MMFL (Multi-Modal Fission Learning) is a machine learning framework designed to handle multi-modal datasets with missing modalities. The framework employs a structural decomposition approach, separating multi-modal data into globally joint, locally joint, and individual components using supervision from labels. This enables effective learning even when some modalities are missing for certain samples, without requiring data imputation.
- Missing data robustness: Gracefully handles incomplete modalities without requiring imputation
- Structural decomposition: Decomposes data into joint (global/local) and individual components using structured factorization
- Supervised learning: Jointly learns prediction model and latent components
- Automatic rank selection: Built-in rank selection heuristics
- Python 3.8+
- R 3.6+ (optional, for JIVE and SLIDE R package integration)
- Clone the repository:
git clone https://github.com/yourusername/MMFL.git
cd MMFL- Install Python dependencies:
pip install -r requirements.txt- (Optional) Install R packages for baseline comparisons with JIVE/SJIVE/SLIDE:
# In R console or R command line
install.packages("devtools")
devtools::install_github("irinagain/SLIDE")
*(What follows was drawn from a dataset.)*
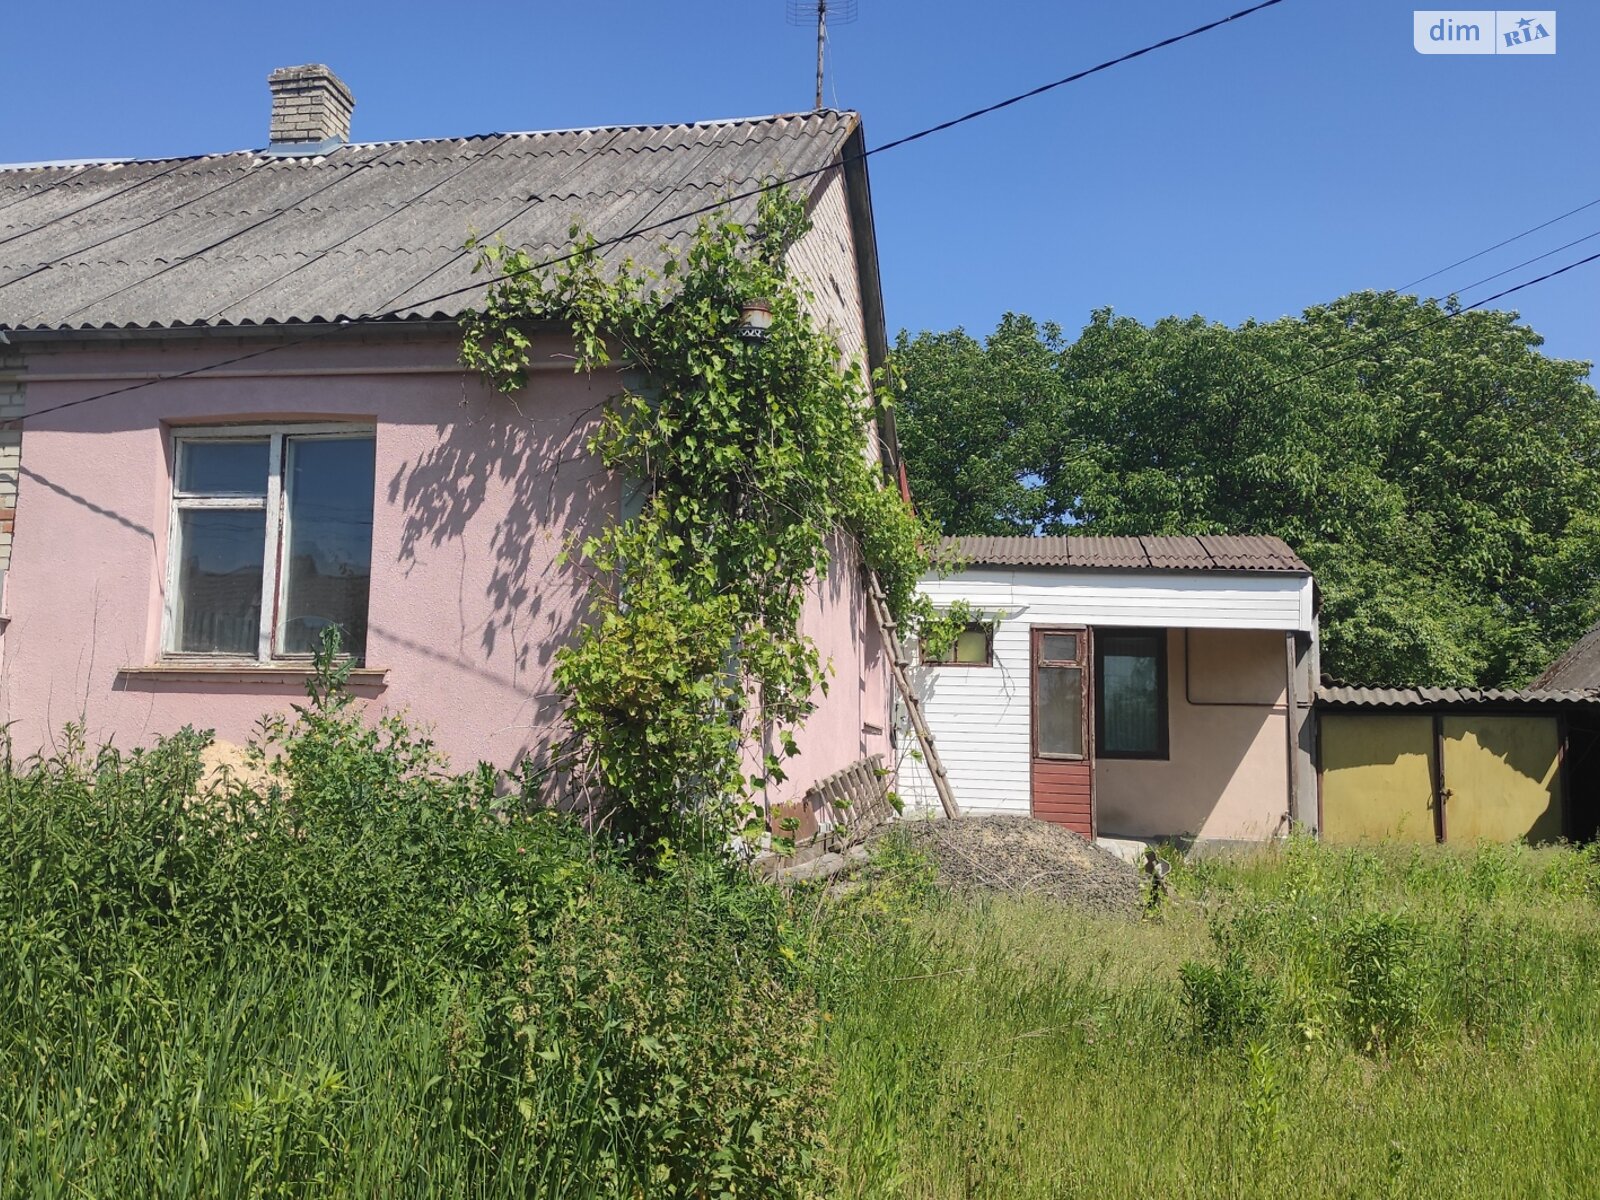 Продажа части дома в Липинах, улица Первомайская, 3 комнаты фото 1

devtools::install_github("lockEF/r.jive")Note: R integration requires rpy2 to be properly configured. See rpy2 documentation for troubleshooting.
MMFL/
├── models/ # Core model implementations
│ ├── MMFL.py # Main MMFL algorithm with rank selection
│ ├── MADDi.py # Multi-modal Attention-based Deep Learning
│ ├── IMLS.py # Incomplete Multi-modality Latent Space learning
│ └── stagewise.py # Stagewise deep learning models
├── utils/ # Utility functions
│ ├── train.py # Model training and evaluation functions
│ ├── metrics.py # Evaluation metrics (AUC, accuracy, etc.)
│ ├── prepare_dataset.py # Data preprocessing and splitting
│ ├── generate_simulation.py # Synthetic data generation
│ ├── visualization.py # Plotting utilities
│ ├── oversampling.py # SMOTE oversampling for imbalanced data
│ ├── rank_selection.py # Rank selection utilities
│ └── compare_auc_delong_xu.py # Statistical comparison methods
├── experiments/ # Experimental notebooks
│ ├── case_study_adni.ipynb # ADNI dataset experiments
│ ├── case_study_headache.ipynb # Headache dataset experiments
│ └── simulation_study.ipynb # Simulation studies
├── preprocessing/ # Data preprocessing scripts
├── data/ # Data files
│ ├── ADNI_dataset.csv # ADNI dataset
│ ├── ADNI_SNP_fisher_nature_p0.0005.csv # SNP data
│ └── headache_*.csv # Headache study data
├── results/ # Experimental results (JSON format)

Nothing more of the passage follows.